Her nose wrinkled a bit as she eyed the massive tome. "Dry, isn't it?"

Padma paused, quill hovering over the pages of notes she'd been scribbling, dripping ink over John Dee and Paracelsus. "Amongst other things. Dull. Poorly written. Biased." She stopped a moment, blotted the quill carefully as she studied Cho across the monster text. "... narrow."

Did Cho's mouth twitch?

"Oh, very much so. It does get a bit better in fifth year - they branch out a bit, if only so they've lots of trivia to stump you with on the O.W.L.s, I suspect." She reached for the blotched page of Padma's notes. "Here, let me see that."

Padma handed the parchment over wordlessly. Cho plucked the quill from her fingers, dipped it in the ink pot, and holding it at a funny angle, drew a series of fluid, elegant lines and curves around the spot, extending a few from it, adding others. They formed a character around the blemish, making it look intentional - if Padma had been taking notes in Chinese.

Cho handed the page back with a smile. "I'd better let you get back to it. Good luck, though. Let me know if you want to study together some time, all right?"

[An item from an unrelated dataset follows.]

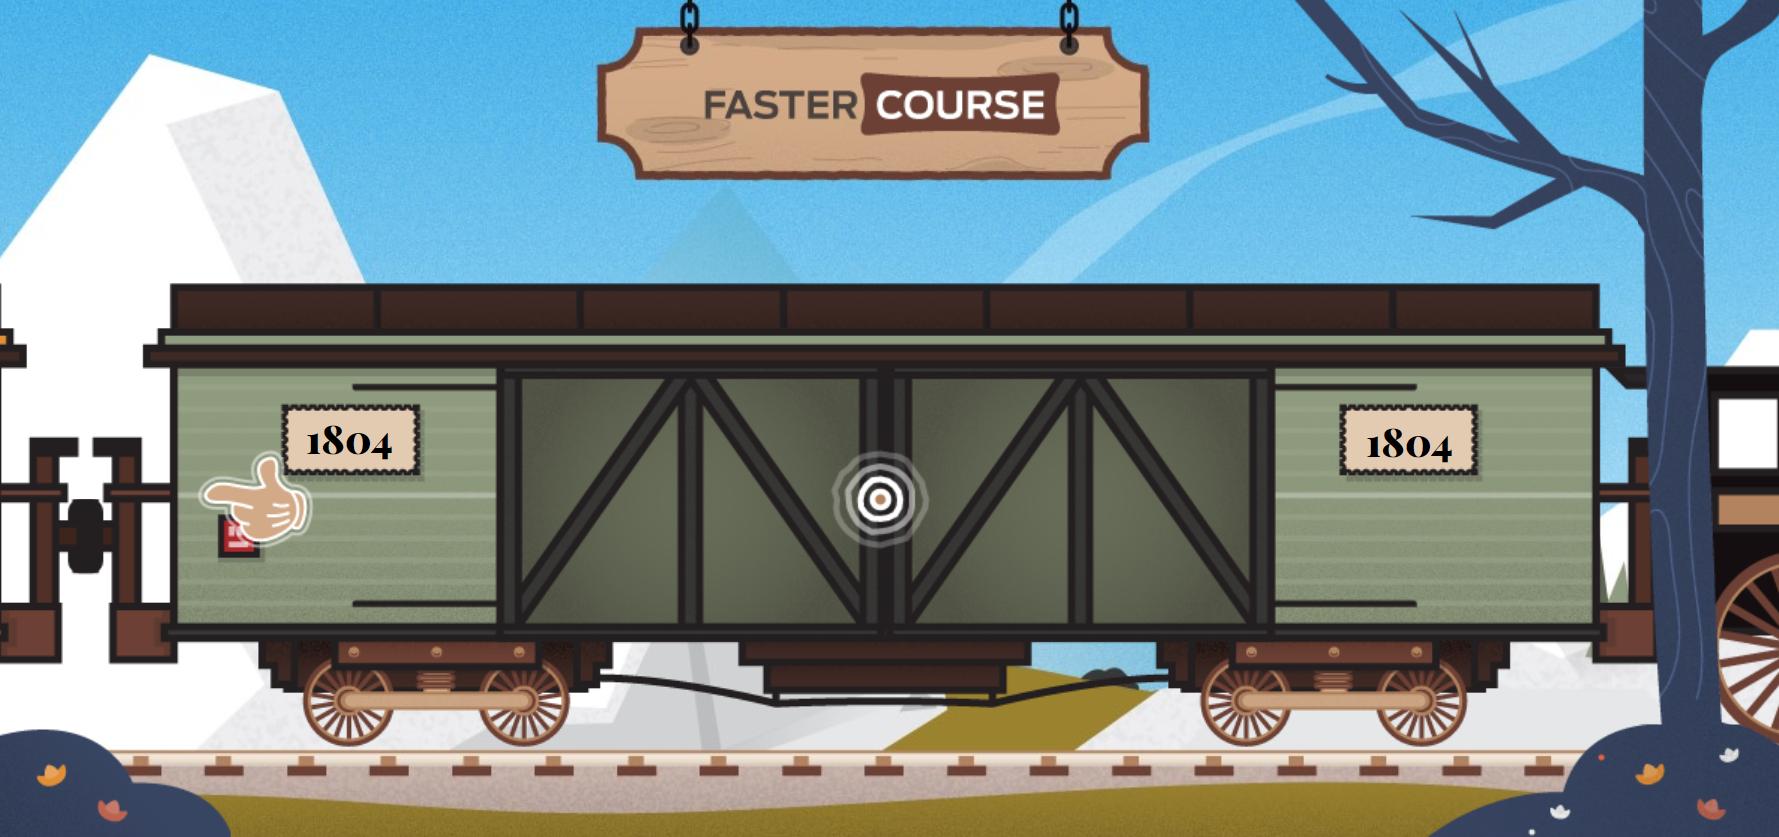 train_timeline_wagon
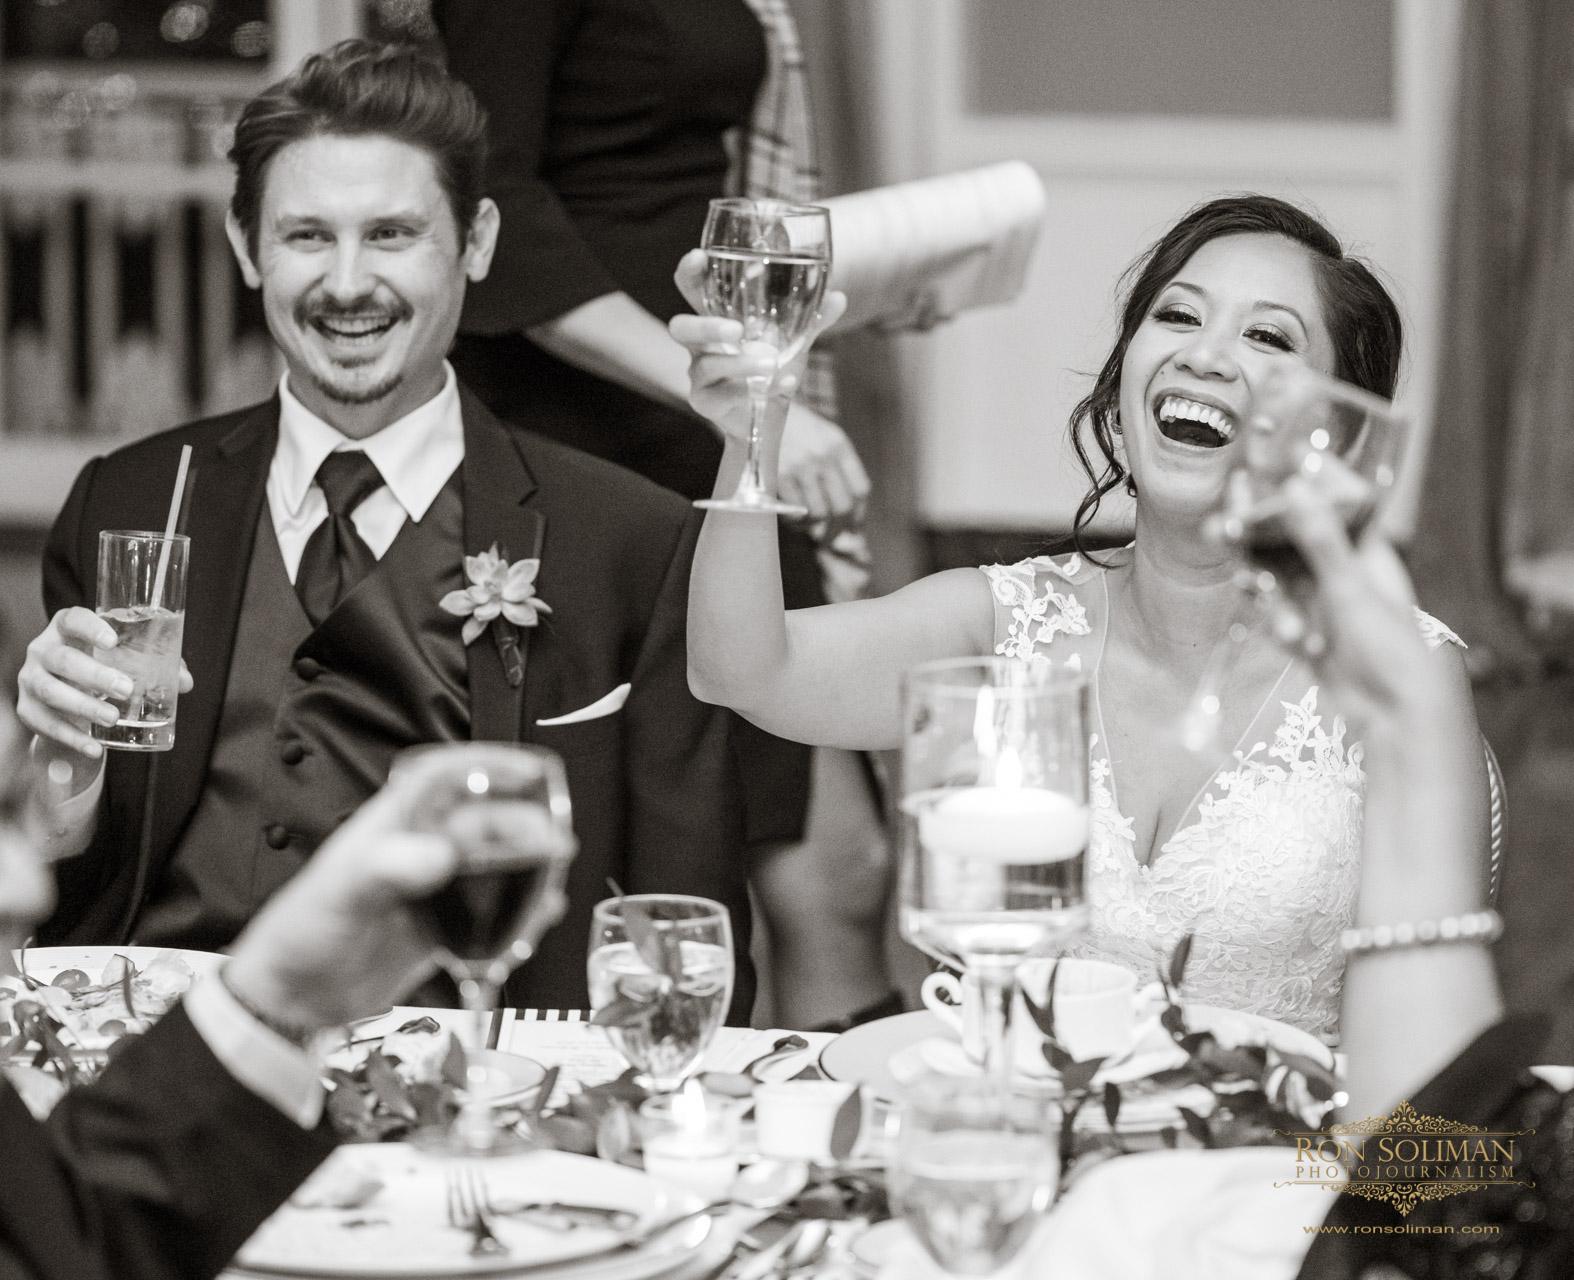 THE GREENBRIER RESORT WEDDING 45

That was how it started. Somehow, between Cedric and the Tri-Wizard Tournament and O.W.L.s and everything, Cho found time to tell her stories, and be told stories in return. At first weekly, then nightly.

They call it "studying", because that's really what it is, but no one really knows the truth. Not even Parvati.

A couple of Ravenclaws deciding to hare off on their own and study something not in the curriculum simply out of intellectual curiousity is nothing remarkable; but if they admitted that, they'd have to start talking about why it wasn't in the curriculum.

Only at Hogwarts, they joke, would history actually be taught by a dead white European man.